JS-74.2
Gendered Geographies of Displacement: Asylum-Seeker Women’s Living Experiences in Van, Turkey

Friday, 20 July 2018: 10:45
Location: 801B (MTCC SOUTH BUILDING)
Oral Presentation
Selda TUNCER, Yuzuncu Yil University, Turkey
The massive mobility of Syrian people that continues to exist heavily due to the internal conflicts in Syria has placed the issue of asylum-seekers and refugees in the focus of politics and academia again. Turkey is historically a transitional zone between various geographies; according to the 2016 statistics, two thousand asylum-seekers per day are trying to enter Europe illegally from Turkey. Owing largely to gendered processes of war and displacement and also to consequences of immigration legislation, refugees and asylum-seekers in Turkey had to face many different kinds of violence, discrimination, and exclusion in their journeys to a new destination. The experiences of the women who had to escape from their home countries are particularly troubling, because, as commonly argued; refugee/asylum-seeker experience is heavily gendered in its impact. Asylum-seeker women from various ethnic and religious backgrounds came to stay temporarily in Turkey; however, it should be noted that their transitory locations never be a place where asylum-seeker women are simply newcomers who stay temporarily, but one in which their identities and livelihoods (re)make the places in which they come to live for an unknown given period.
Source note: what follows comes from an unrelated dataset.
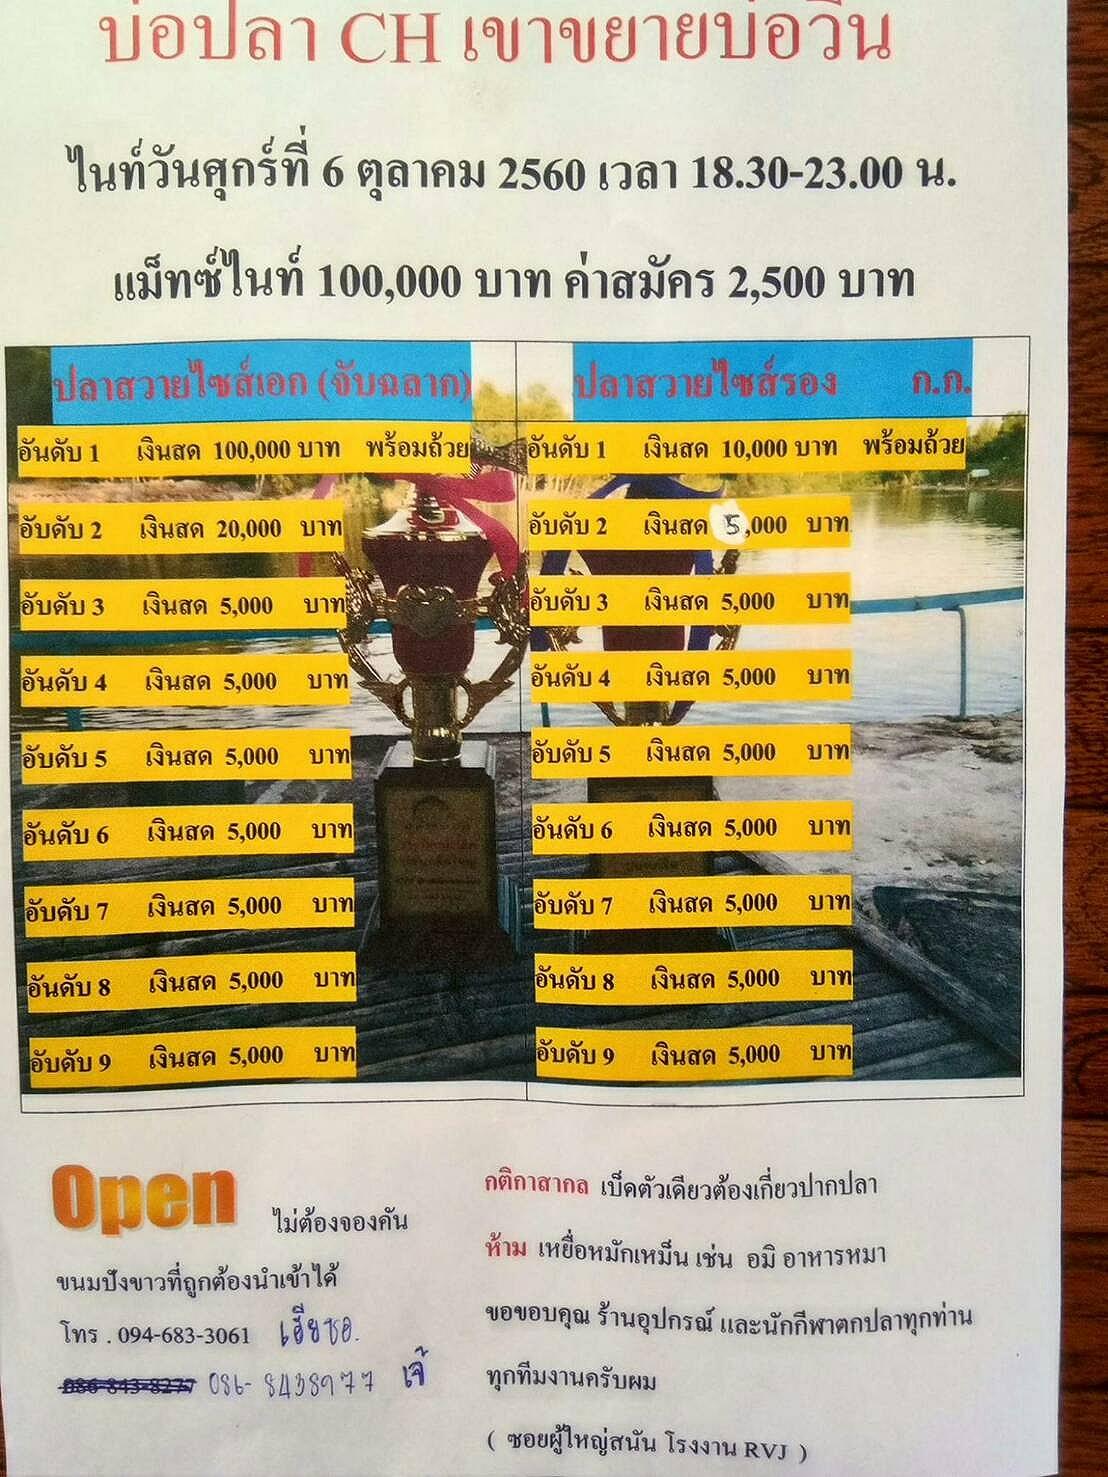 บ่อตกปลา CH ไนท์วันศุกร์นี้  6 ตุลาคม 2560 OPEN ชิงเงิน 100,000 บาท หาง 5000 บาท

Therefore, it is important to examine how and in what ways women have located within these spaces in the Turkish context; in which spaces and why they are excluded and/or included; and, what kinds of means and forms of struggles and strategies are developed by asylum seeker women. Accordingly, this research aims to explore the gendering of displacement experiences based on the research conducted in the city of Van, a border city of Iran, which is heavily populated by Kurdish people and became a crossroad for Afghan, Iranian, and Syrian asylum-seekers.